Create an Account - Increase your productivity, customize your experience, and engage in information you care about.
The City of Fredericksburg has removed the slave auction block on Friday, June 5, 2020. This is the significant step in living City Council’s directive to relocate the historic artifact, and to work to better tell a more complete history of Fredericksburg – specifically its storied African American history.
Where did this discussion begin? Councilor Charlie Frye raised the topic at the City Council meeting of August 22, 2017, immediately following the “Unite the Right” rally in Charlottesville, Virginia. His proposal was for City Council to consider removing the block at its meeting in late September. The City Council engaged the community through a public forum at James Monroe High School attended by approximately 100 people, and an online survey with approximately 600 participants, before voting to keep the block in place, but with added historical context. Councilor Frye was the only dissenting vote on the motion for the auction block to “stay.” After this vote, City Council asked the International Coalition of Sites of Conscience (ICSC) to assist in leading the next steps.
Hundreds of City residents participated in the ensuing year-long community collaboration process led by the ICSC and City leaders. These community conversations occurred in small group settings over the course of more than a dozen meetings. The middle phase of these meetings focused specifically on the slave auction block and whether or how it could be interpreted adequately in place. Residents did not reach consensus on specifics, but they did articulate a broad-based desire that truth and truth-telling be central to all aspects of the process moving forward. The ICSC Phase 3 Final Report was released on March 14, 2019 at a special meeting of Council. The ICSC did not recommend a specific course of action with respect to the auction block, but it did call on the community to maintain its commitment to truth-telling, the acknowledgement of individual “agency,” and “telling the whole story.”
Mr. Frye placed the proposal to remove the auction block back before City Council on June 11, 2019. This time, City Council voted 6 to 1 to approve the relocation. Council members directed the City Manager to return with an action plan in July.
The action plan approved by City Council on July 9, 2019 included an application for a certificate of appropriateness, an operations plan for the removal and cleaning of the block under the supervision of professional archaeologists, an operations plan for repair of the sidewalk after removal of the block, plans for the transport of the block, and a path forward for a loan of the block to the Fredericksburg Area Museum.
City Council approved the final certificate of appropriateness and final loan agreement on November 12, 2019. The approval of the certificate of appropriateness was challenged in court, but the City prevailed. However, legal obstacles to removal were not cleared until April 1, 2020, nearly three weeks after Governor Northam’s Declaration of a State of Emergency due to Novel Coronavirus (Covid-19). City staff prepared a revised plan to safely remove the stone block once Phase 2 of the Governor’s reopening plan was set to begin.

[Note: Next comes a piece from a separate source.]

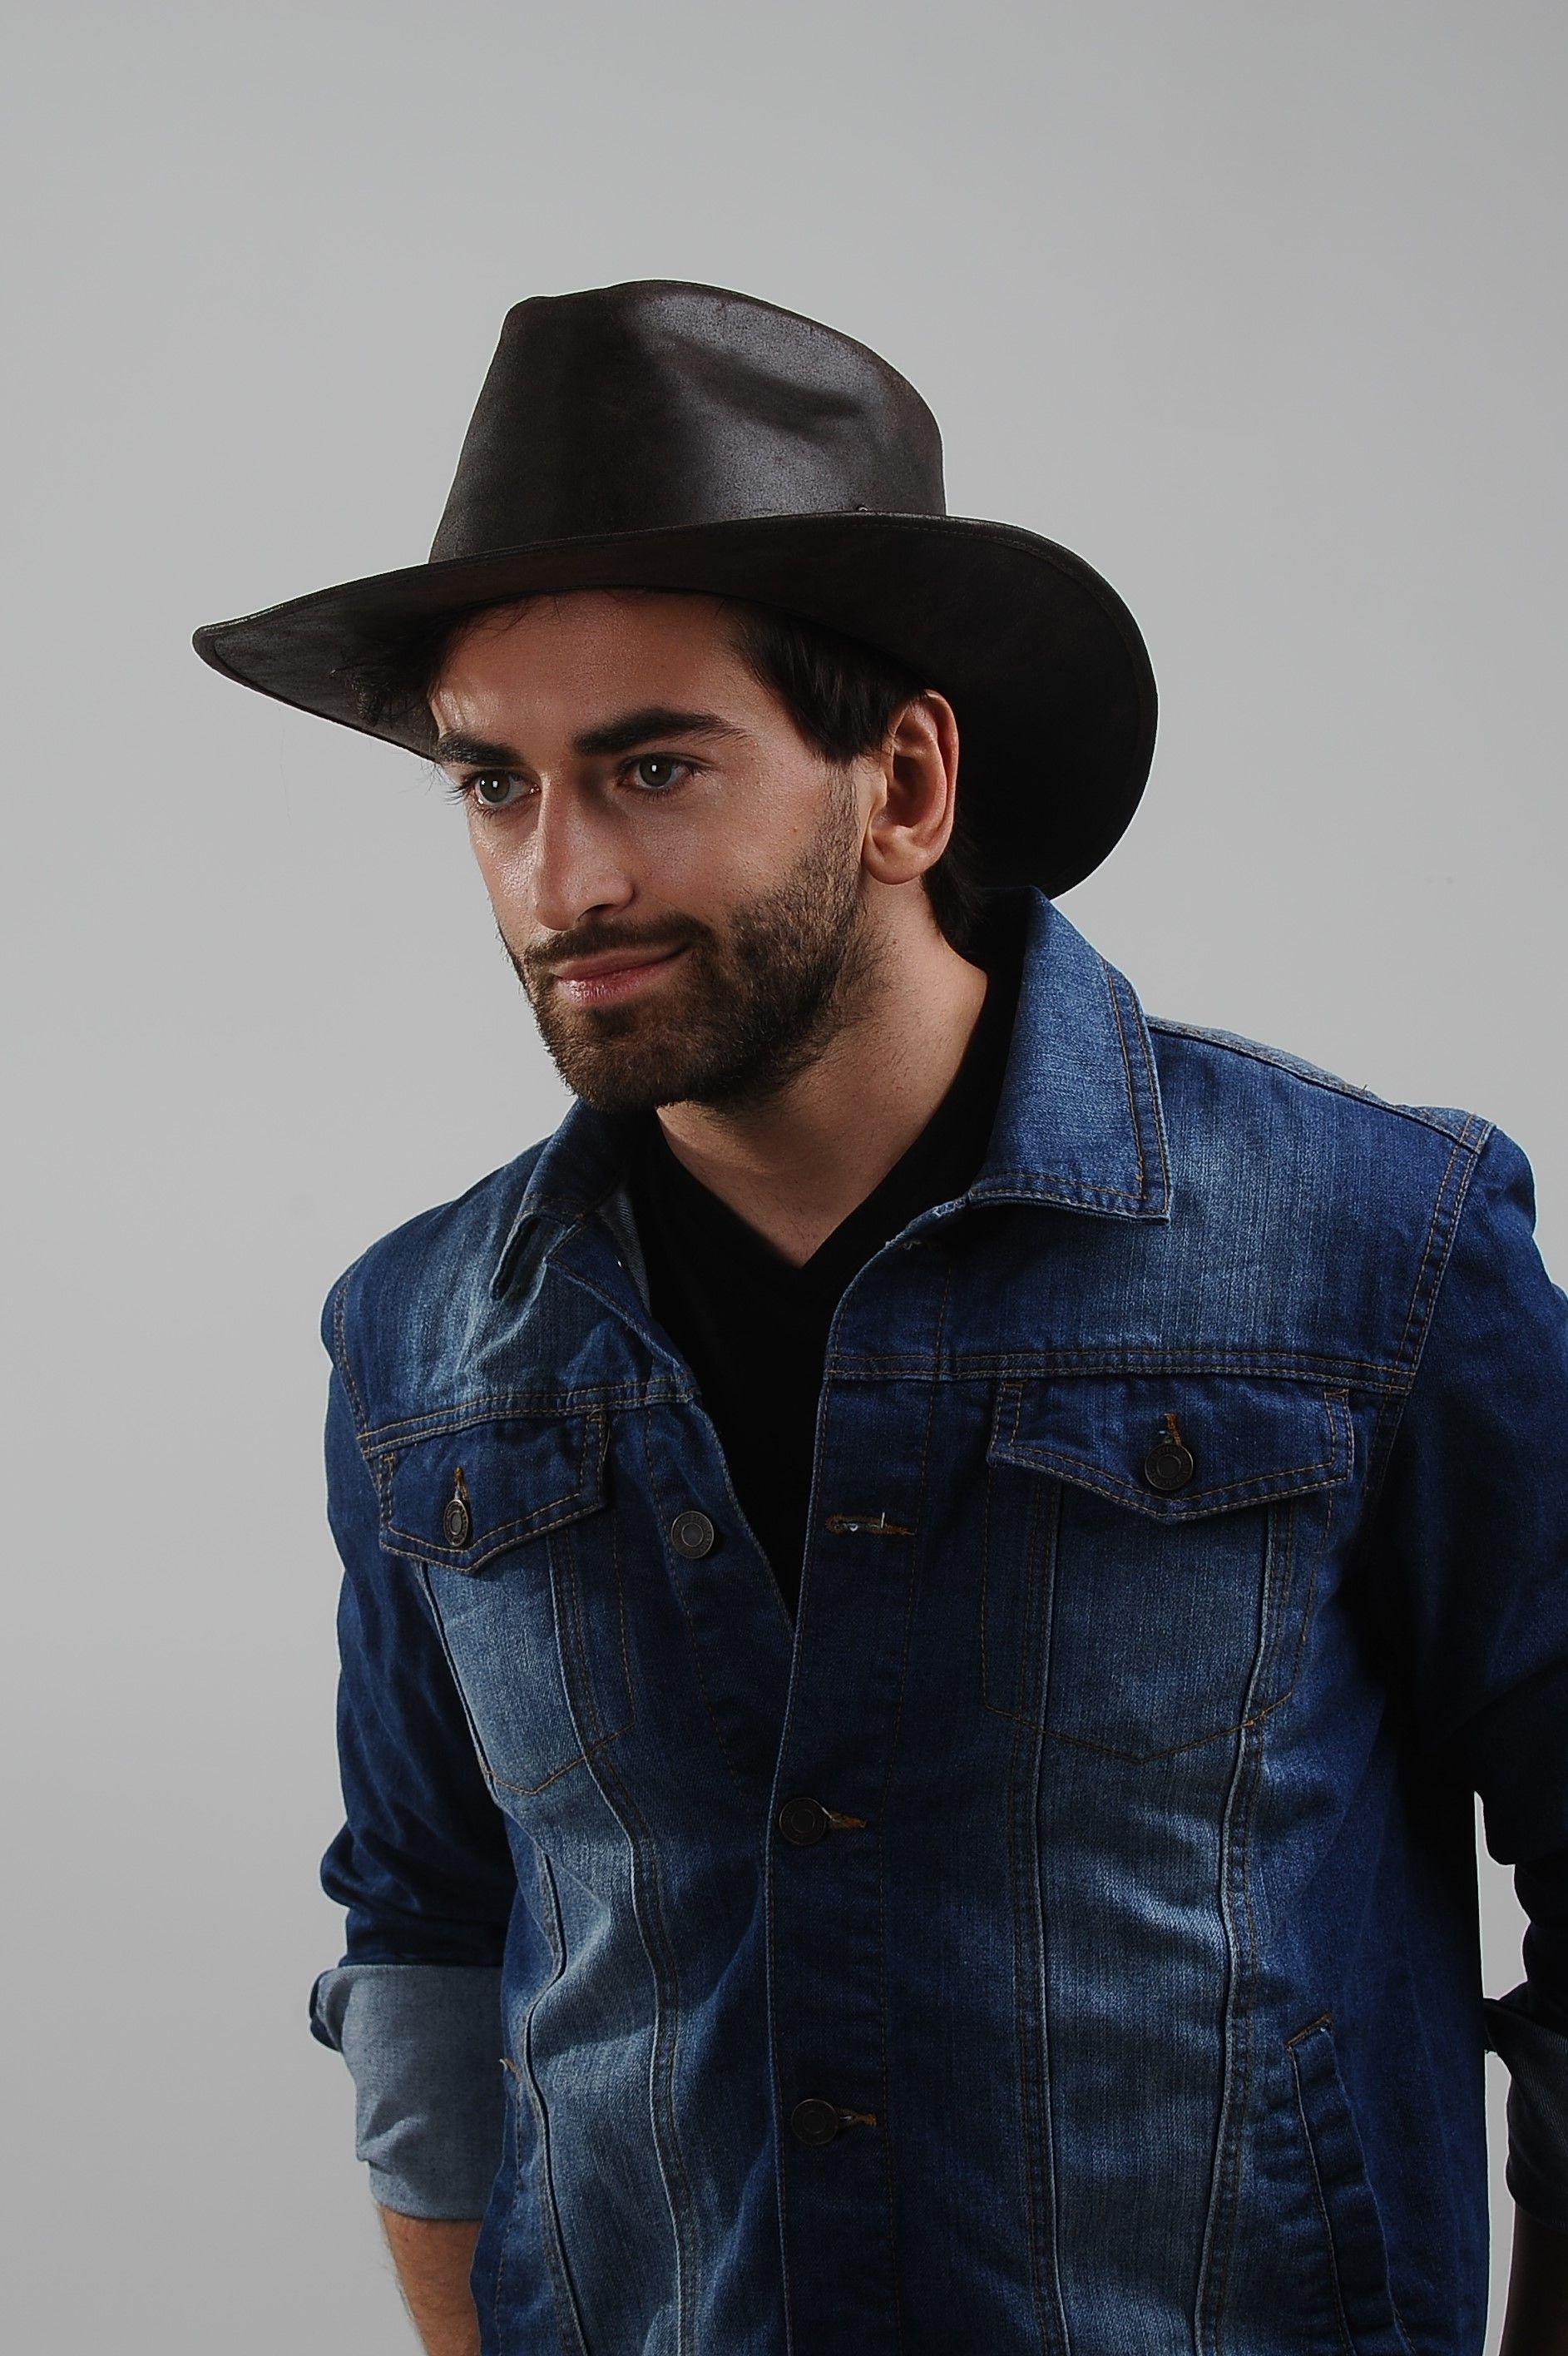 Buckaroo Genuine Leather Cowboy Hat Western Desert Wild Outback Western Cowboy Hats Cowboy Hats Leather Cowboy Hats

Removal of this historic artifact has remained a priority. Crews began their work early in the morning to minimize pedestrian and vehicular conflicts later in the day. Stabilizing straps, weights, and mechanical equipment were used to lift the freed stone onto a custom-designed pallet intended to support the approximately 800-pound artifact. Dovetail Cultural Resource Group provided oversight of the removal operation.

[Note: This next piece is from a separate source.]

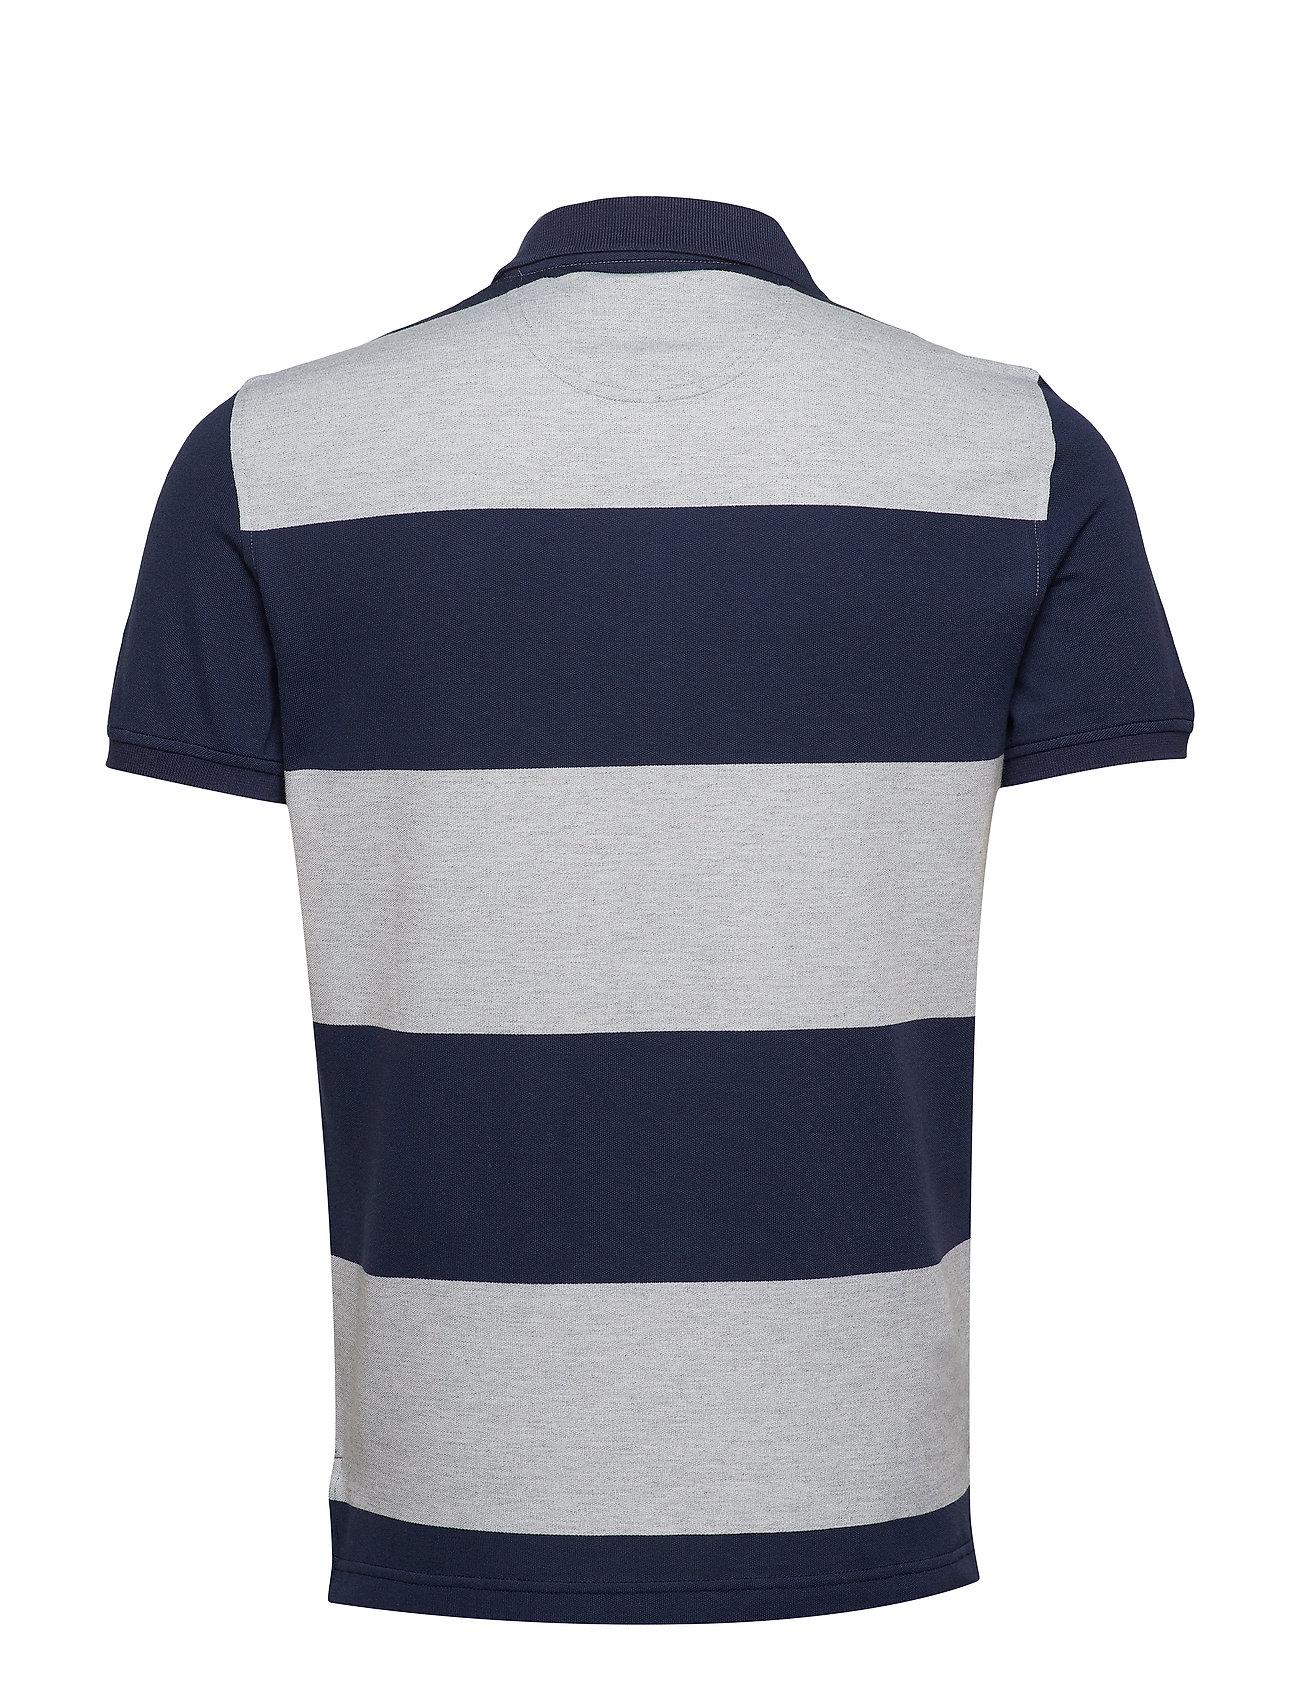 Pololt HtrIzod Stripe Performance Grey Rugby LqVUjSGzMp

The auction block had become a focus of local protesters over the past week, serving as a way stop along procession routes on multiple days of demonstrations. “Move the block!” became a chant of those protesting the death of George Floyd in Minnesota. The block was spray-painted with graffiti twice over the course of the days of protest.
“As the only minority on City Council, I felt the weight of the world on my shoulders,” Councilor Frye said. “The people of the City never walked away from the table, never stopped talking to each other. This was huge – and it felt great because I came from ancestors who were never heard.”
Fredericksburg Mayor Mary Katherine Greenlaw reflected on James Baldwin’s quote: “History, as nearly no one seems to know, is not merely something to be read. And it does not refer merely, or even principally, to the past. On the contrary, the great force of history comes from the fact that we carry it within us, we are unconsciously controlled by it in many ways, and history is literally present in all that we do.” “Truer words never spoken,” she concluded.